• _Directions_:
In your copy, each line below is repeated exactly and no image appears.

# # # # # # #

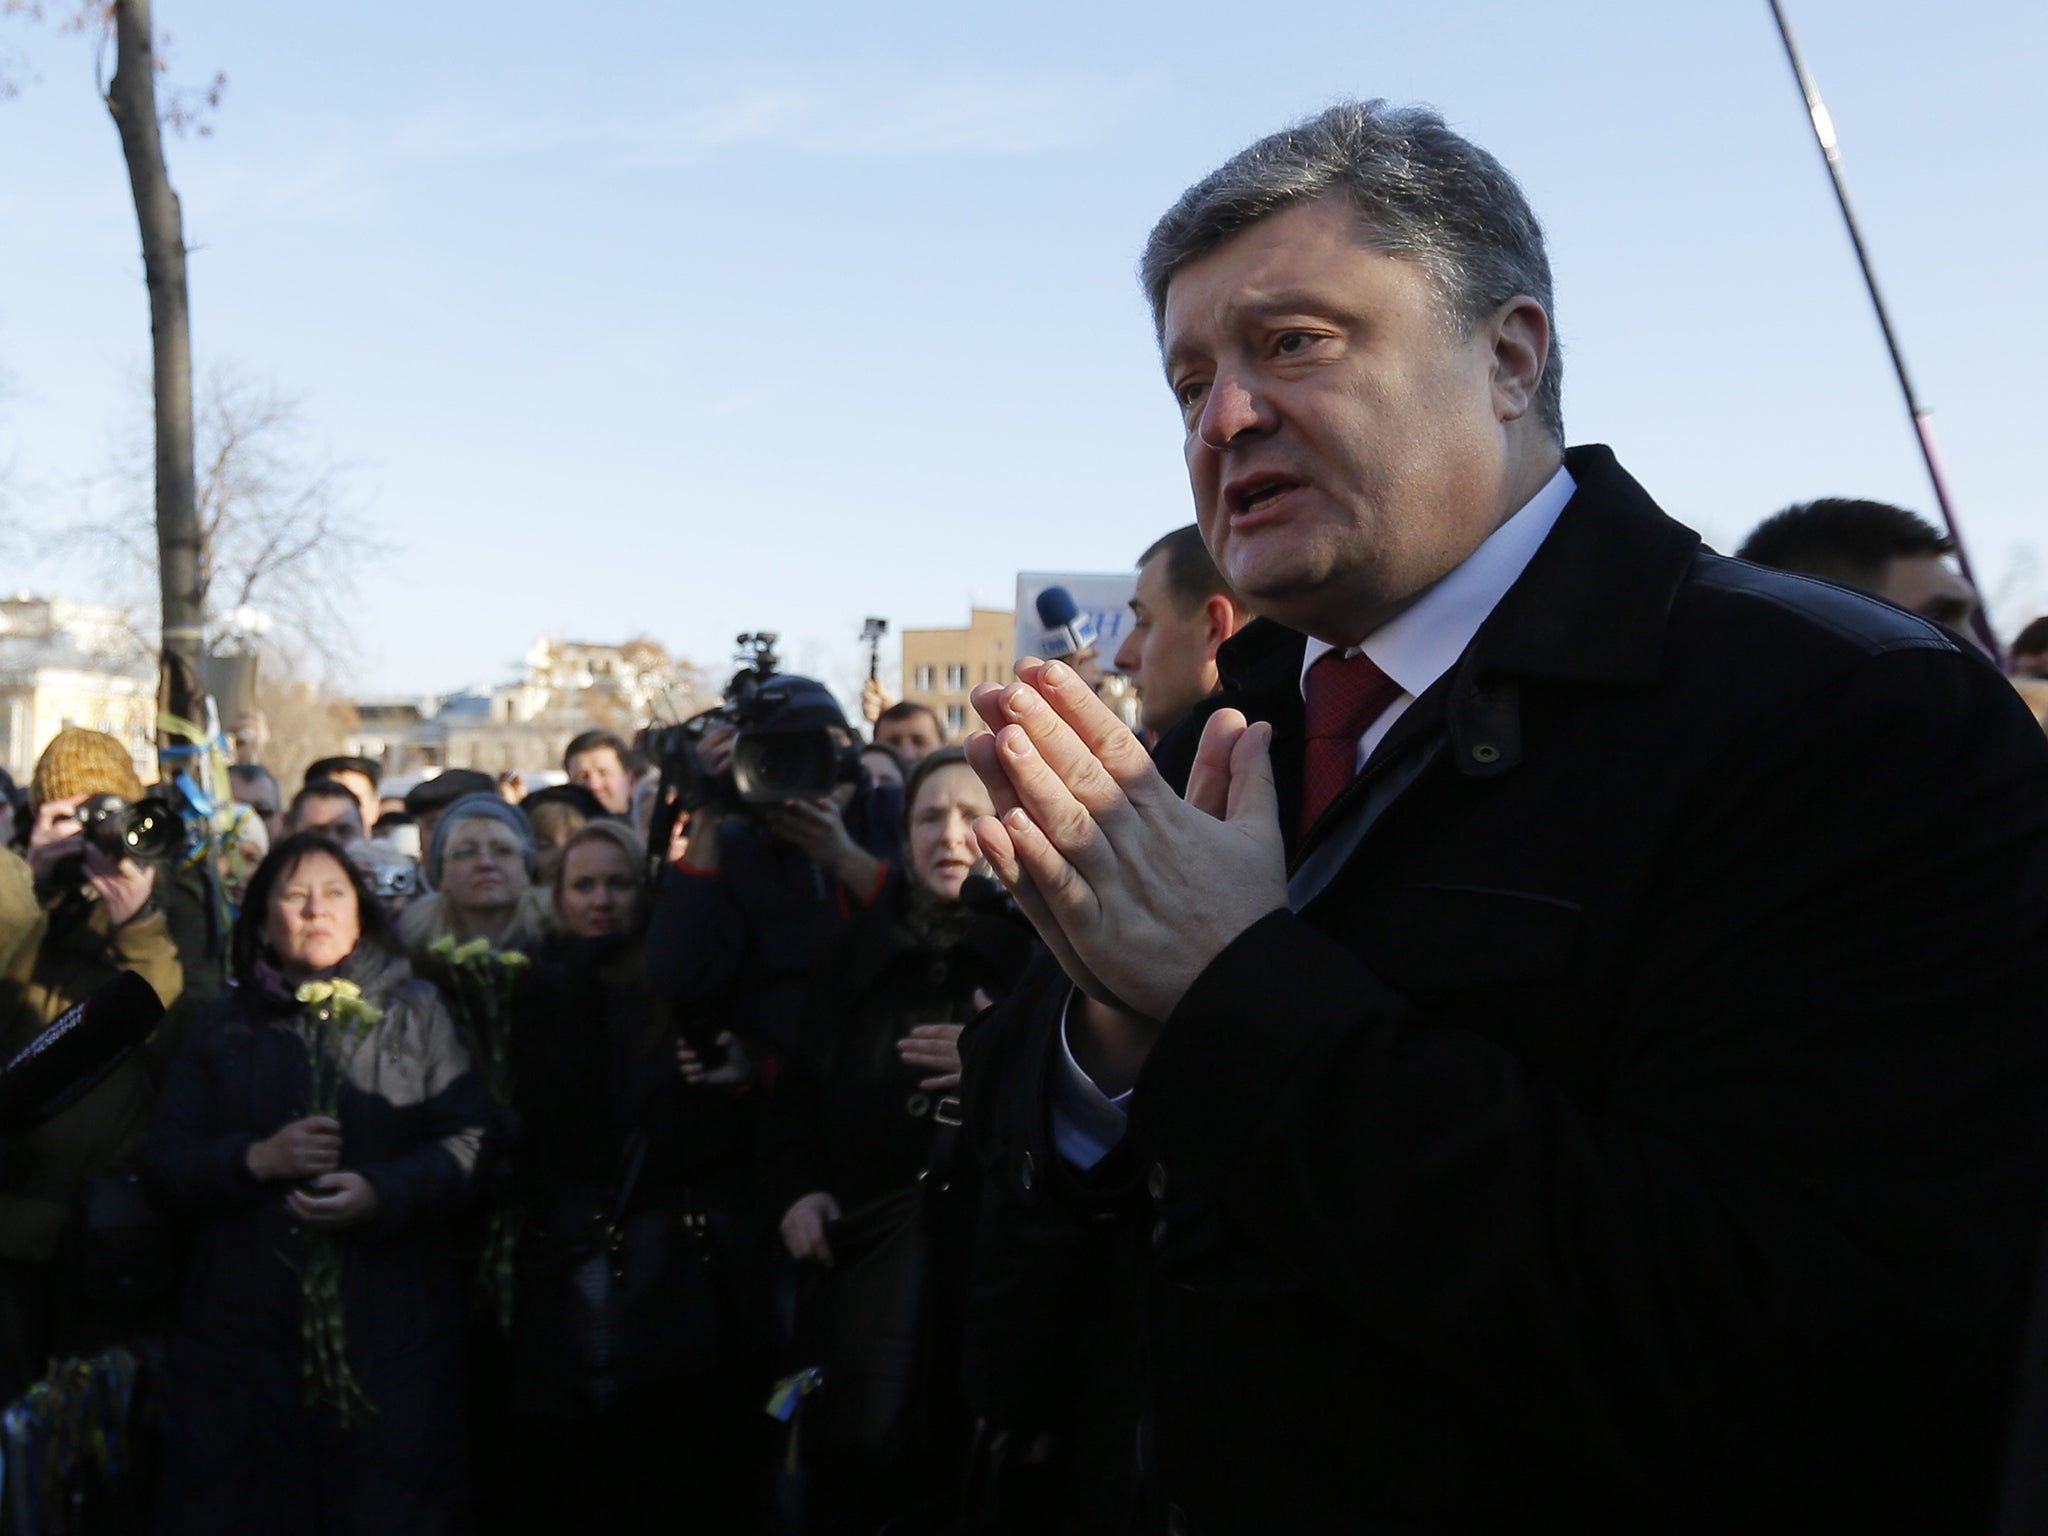 Ukrainian President Petro Poroshenko was shouted down by angry relatives
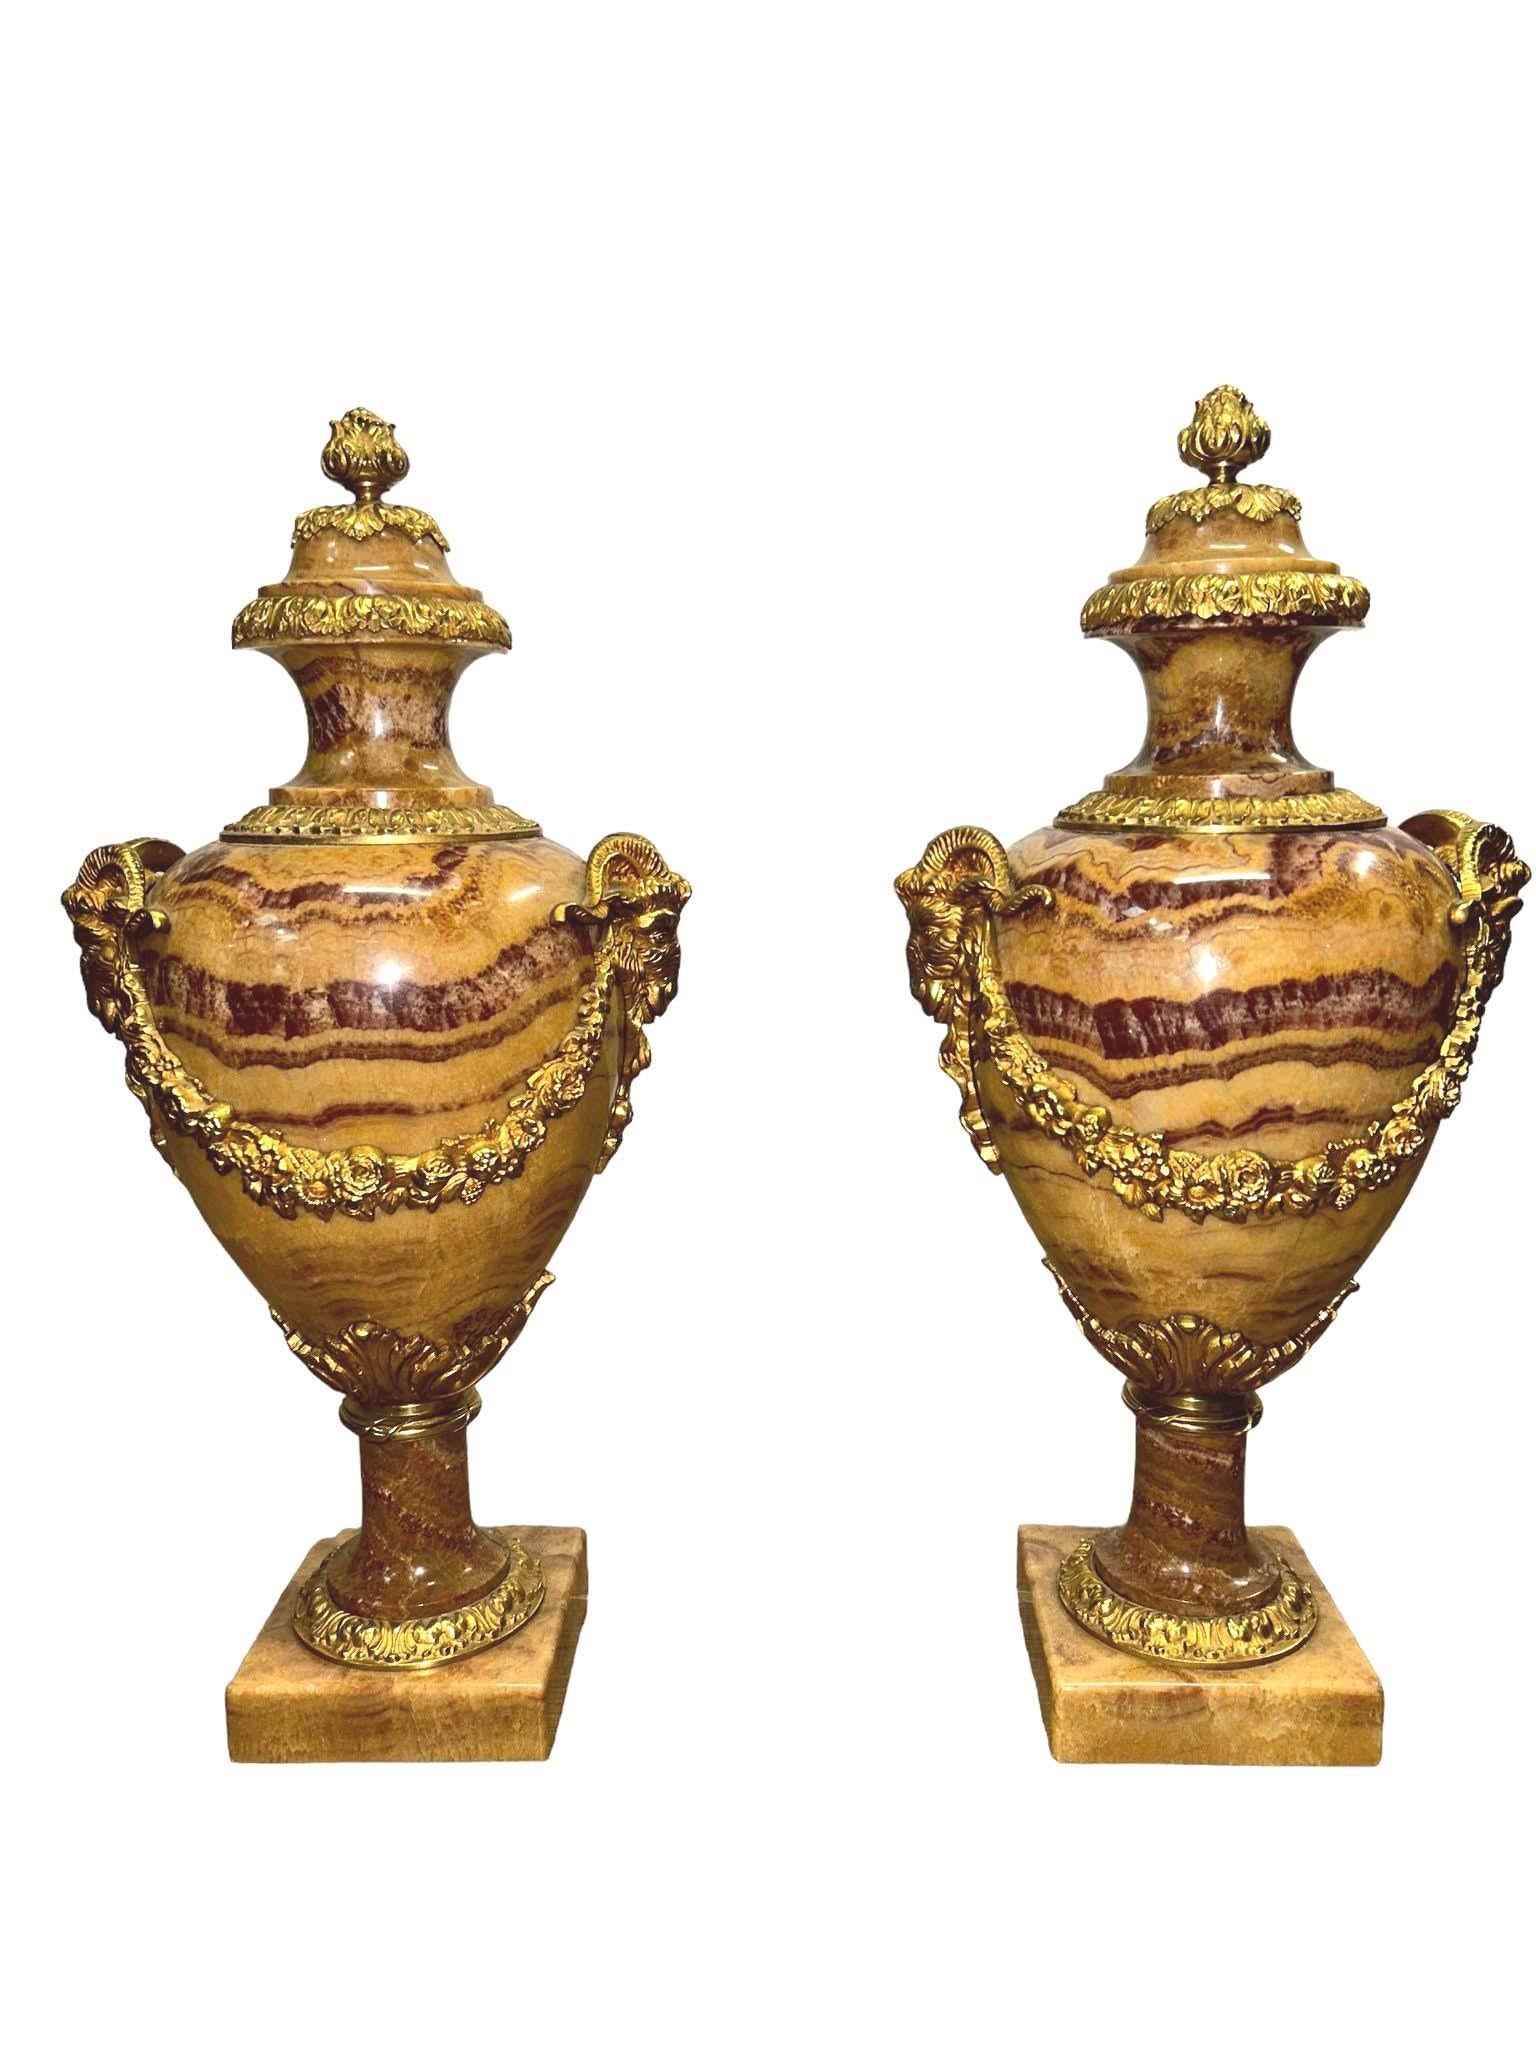 Classic pair of antique French cassolettes of amphora form These are solid marble so very heavy
Original gilt fixtures with rams head handles, encrusted floral sash, acanthus leaves and a pineapple finial
These would lift any interior
Bought from a

# # # # # # #

• _Response to the exercise_:
 Ukrainian President Petro Poroshenko was shouted down by angry relatives
 Classic pair of antique French cassolettes of amphora form These are solid marble so very heavy
Original gilt fixtures with rams head handles, encrusted floral sash, acanthus leaves and a pineapple finial
These would lift any interior
Bought from a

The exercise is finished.